Wenigstens für einen! Sie ist der erste Tierheimhund, der nach 3 Monaten bei uns immer noch nicht richtig an der Leine laufen kann. Auf jedem Spaziergang kracht sie mir mit Anlauf in die Schleppleine. Sie hat wohl einen Hals aus Edelstahl. Und wenn ich mir ansehe, wie geschickt sie sich entheddern kann, dann hat sie wohl an der Kette gelebt.

Ich bin der schnellste Küsser im Ort.

Ja, das stimmt. Sie springt mir noch immer mit Anlauf ins Gesicht. Dank Wurmkur beim Hund, habe ich auch keine Würmer bekommen. Es ist schon viel besser geworden, und meine Schneidezähne habe ich auch noch.

Ich bin ohnehin die Schnellste hier, dann könnte ich ja mal die Rudelleitung übernehmen.

Sicher nicht! Das diskutieren wir gerade aus!

Ich brauche auch nicht mehr mein -bitte-schlag-mich-nicht-ich-tu-Dir-auch-nichts-Gesicht zu machen, hier schlägt mich keiner!

Warum auch? Dafür kann sie jetzt ein wunderbares "Ellebelle"-Gesicht machen, ich weiß zwar, was Du von mir willst, aber ich will grad nicht. Wie gesagt, wir arbeiten gerade an der Rudelstruktur, die Rudelleitung wird sie aber definitiv nicht übernehmen.

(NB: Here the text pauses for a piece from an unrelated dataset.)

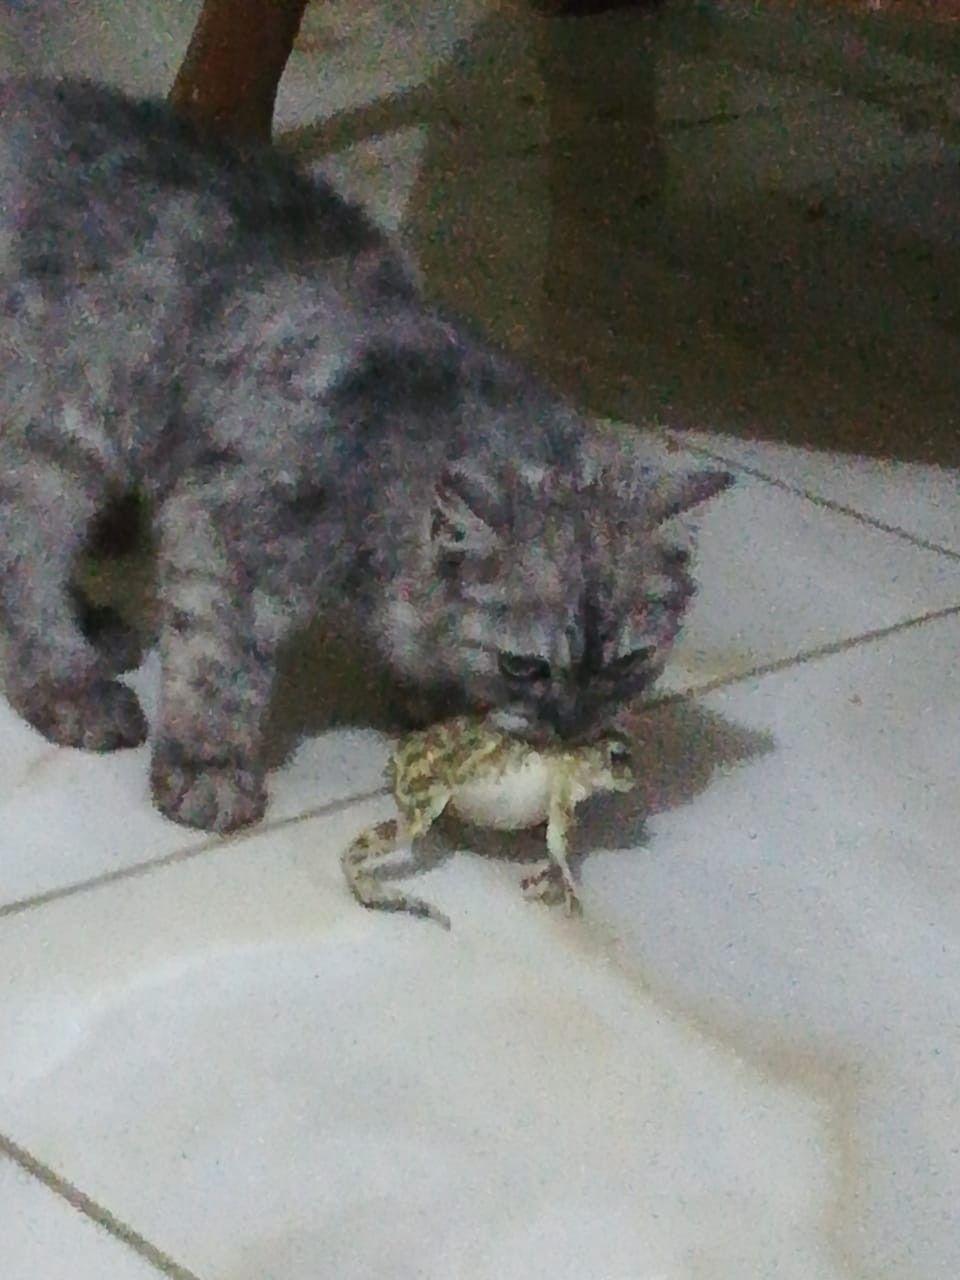 اول يوم كانت تشاهد الفار الصغير دون حراك وبعد ٧ ايام جاءت بضفدع من الخارج Cats Animals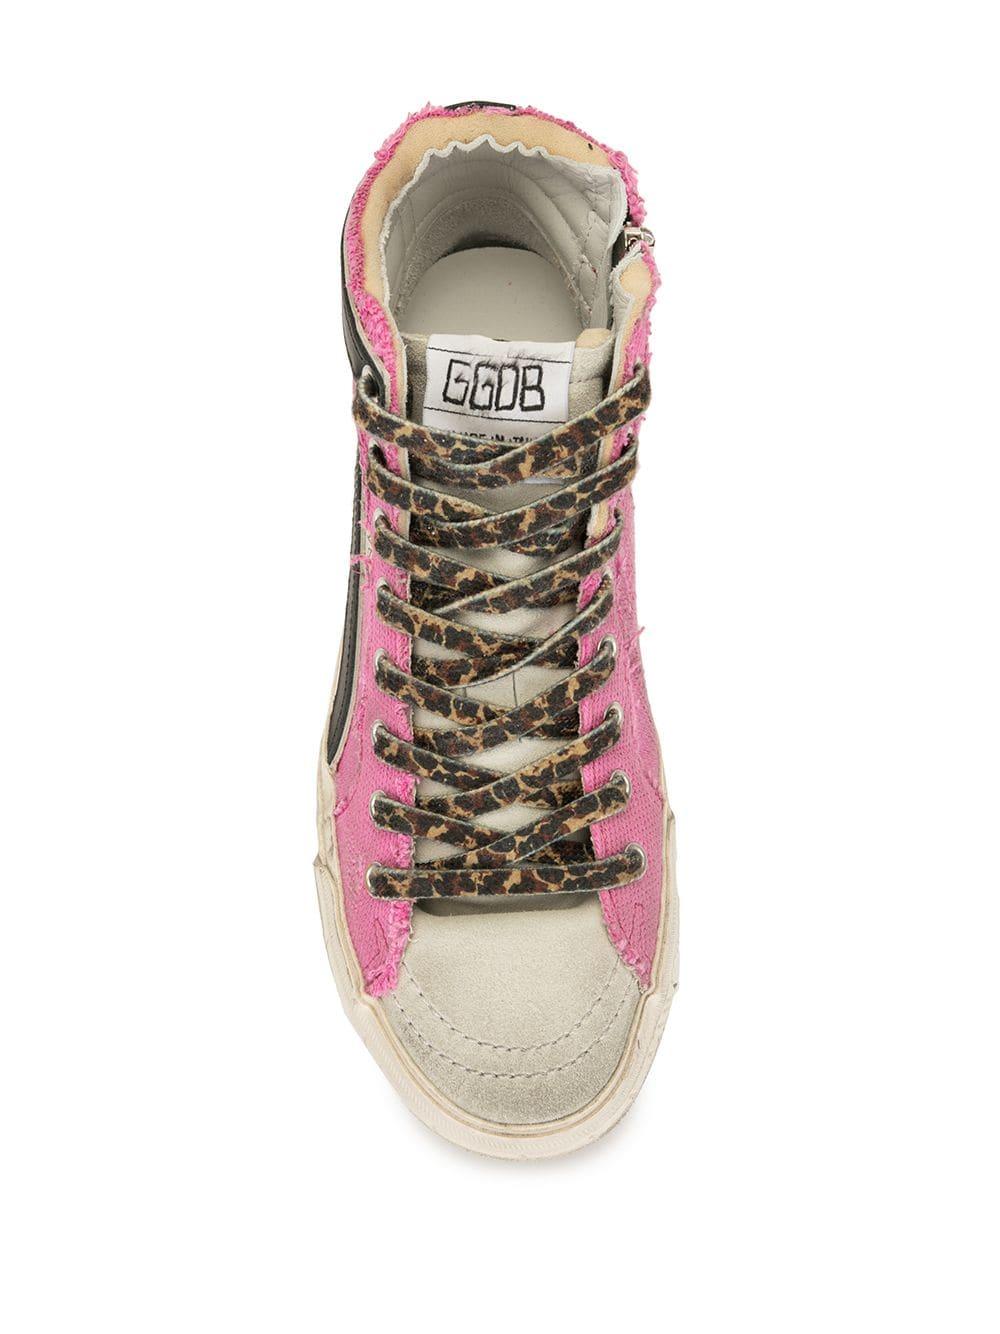 Picture of Golden Goose Deluxe Brand | Slide Slogan Print High-Top Sneakers

Und was hat Rapid bei dem ganzen gelernt? Es ist schön, wenn Hund nicht mehr alleine ist. Wenn das Weib zickt, schaue ich einen anderen Weg und tue dann doch, was ich möchte. Erst macht sie immer Zickenzauber und wenn sie dann Angst bekommt, versteckt sie sich hinter mir! Glücklicherweise haben Frauchen und Herrchen je zwei Arme und können und beide gleichzeitig streicheln.

 

Und für uns heißt ein zweiter Hund:

 

Es muss uns immer gegenwärtig sein, dass wir wieder einen noch nicht (völlig) erzogenen Hund im Haus haben.

 

Die meisten Dummheiten, die sich Tara hat einfallen lassen, hätten wir verhindern können, wenn wir Punkt 1 bedacht hätten.

 

Für einen ängstlichen Zweithund ist ein souveräner Ersthund, der schon alles gesehen hat, eine deutliche Orientierungshilfe.

 

Zwei Hunde machen doppelt Freude und auch doppelt Arbeit.

 

Hätten wir unserem „Alten“ beigebracht, dass ein Kommando zur in Zusammenhang mit seinem Namen gilt, hätten wir es jetzt etwas einfacher.

 

Wenn man zwei clevere Hunde hat, dann merkt der andere, mit dem Mann sich gerade nicht beschäftigt, dass er in Ruhe „Dummheiten“ machen kann.

 

 

Das heißt für uns: wir müssen cleverer sein als die Hunde, und das sollten wir doch schaffen. Nachdem wir nun den dritten Tierheimhund haben, können wir feststellen, dass jeder Hund anders ist und auch unterschiedliche Methoden zur Erziehung braucht. Bei dem einen kann man – ohne Schaden anzurichten – auch mal etwas lauter werden, der nächste ist so sensibel, dass er dann abhaut um sich in Sicherheit zu bringen. Und jeder Hund hatte ein anderes „Trauma“, das bewältigt werden muss und wird. Wir müssen uns nur darauf einstellen. Bisher haben wir nur „Traumhunde“ vom Tierschutz gehabt und auch Tara ist auf dem besten Weg, ein Traumhund zu werden. Sie braucht wie alle Tiere aus dem Tierschutz vor allem Zeit um anzukommen und Zeit (und unsere Geduld) um alles zu lernen, was ein Hund können muss.

 

Ach ja, das Thema Pflegehund war für uns nach 14 Tagen ausdiskutiert. Da war uns klar, dass wir das mti dem zweiten Hund schon irgendwie schaffen würden - in jedem Fall wollten wir uns von Tara nicht mehr trennen!